For this exercise, output exactly and only the lines running from the one with "Australian Service Dress" through the final line of the data below, without pictures.

Data segment:

+ + +

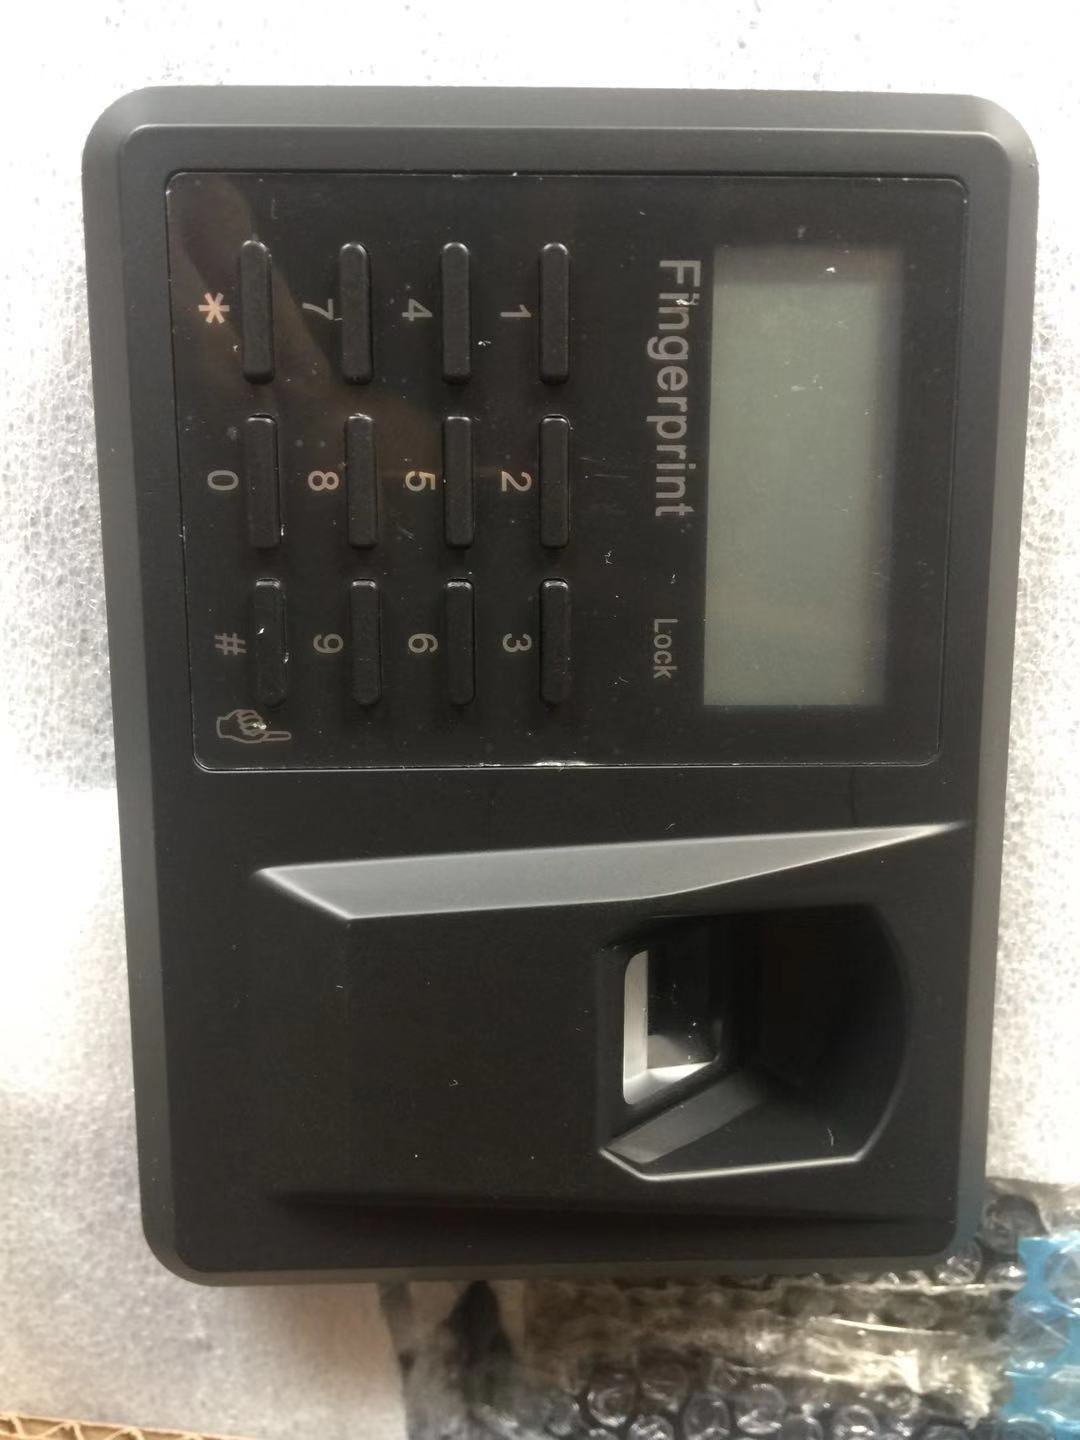 Пин-код клавиатуры биометрический комплект для безопасной фиксации отпечатков пальцев
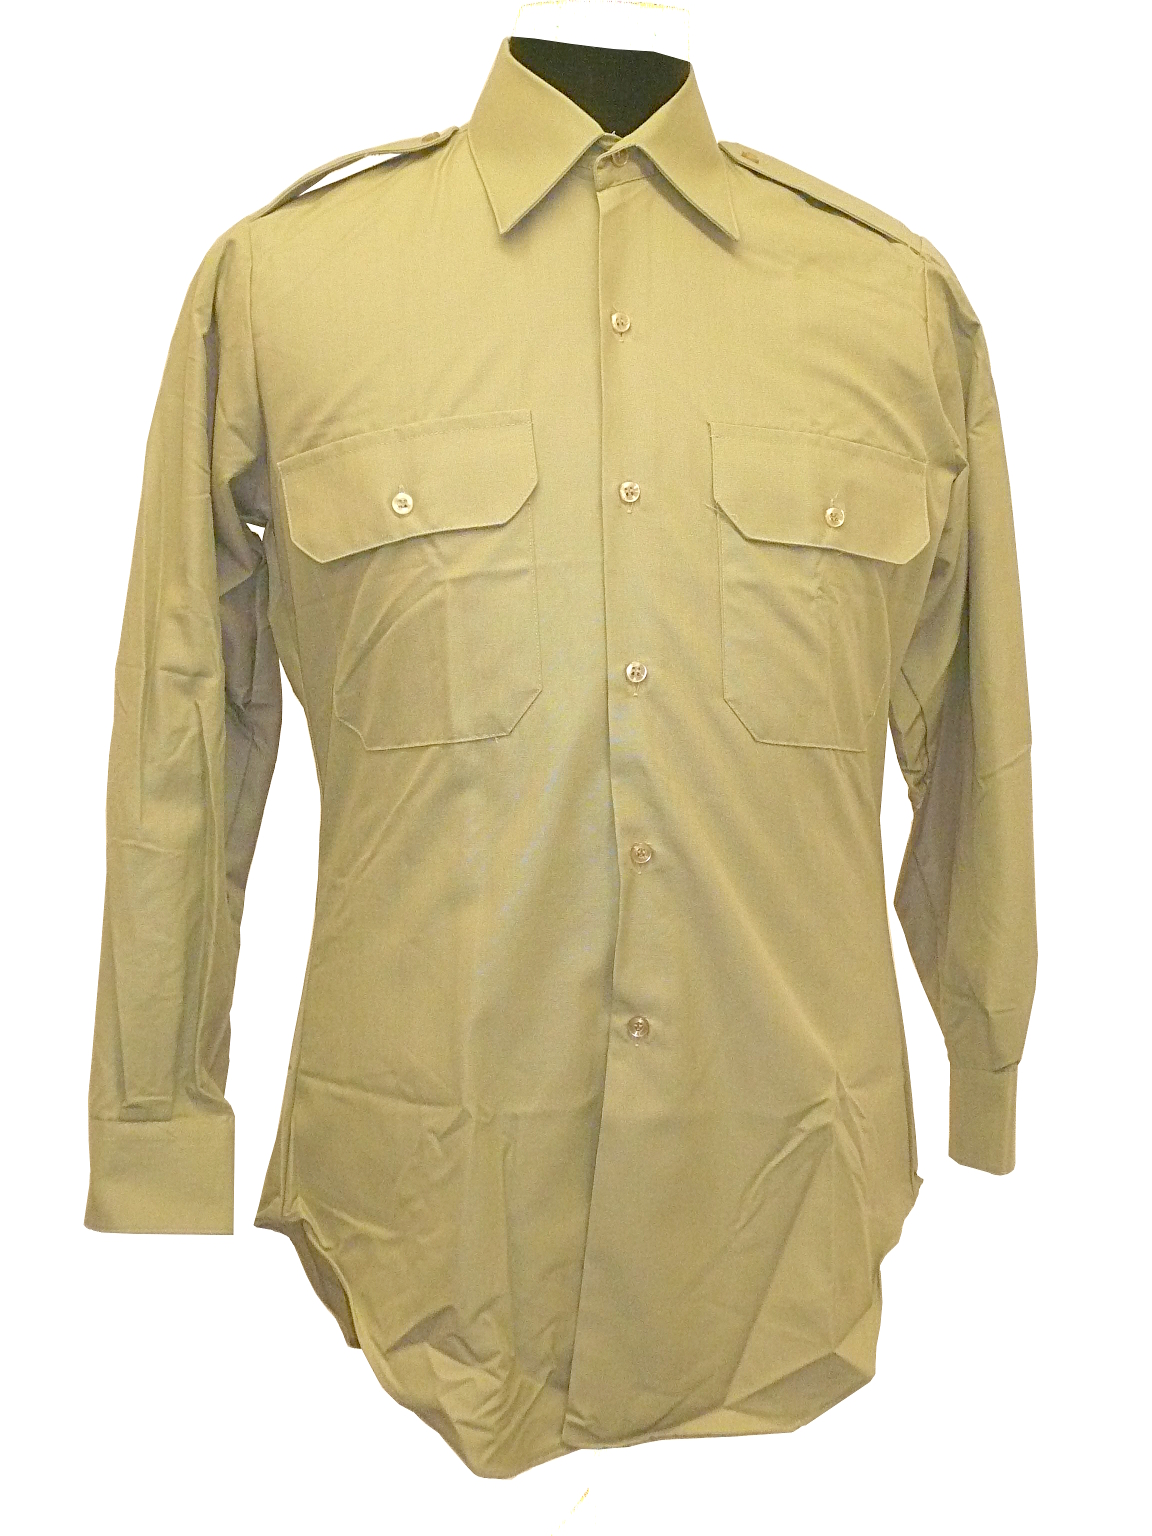 Australian Service Dress Shirt SRT06 | Comrades
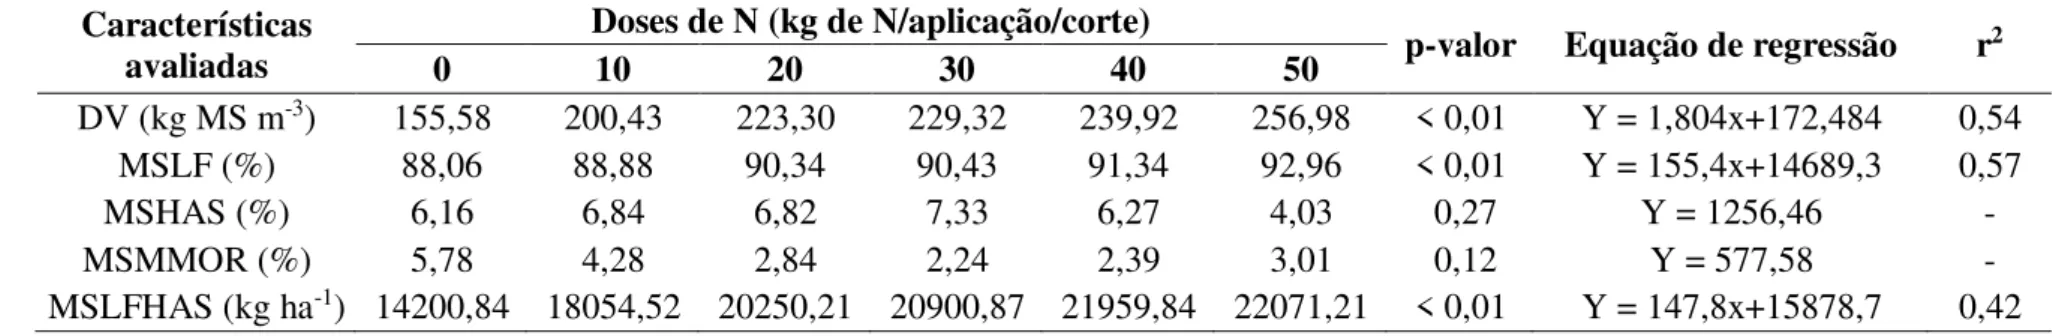 Tabela 3 - Densidade volumétrica da forragem (DV), Percentual de massa seca de lâmina foliar (MSLF), Percentual de massa seca de haste  (MSHAS),  Percentual  de  massa  seca  de  material  morto  (MSMMOR)  e  Soma  de  massa  seca  de  lâmina  foliar  e  m

+ + +

Reply:
 Australian Service Dress Shirt SRT06 | Comrades
 Tabela 3 - Densidade volumétrica da forragem (DV), Percentual de massa seca de lâmina foliar (MSLF), Percentual de massa seca de haste  (MSHAS),  Percentual  de  massa  seca  de  material  morto  (MSMMOR)  e  Soma  de  massa  seca  de  lâmina  foliar  e  m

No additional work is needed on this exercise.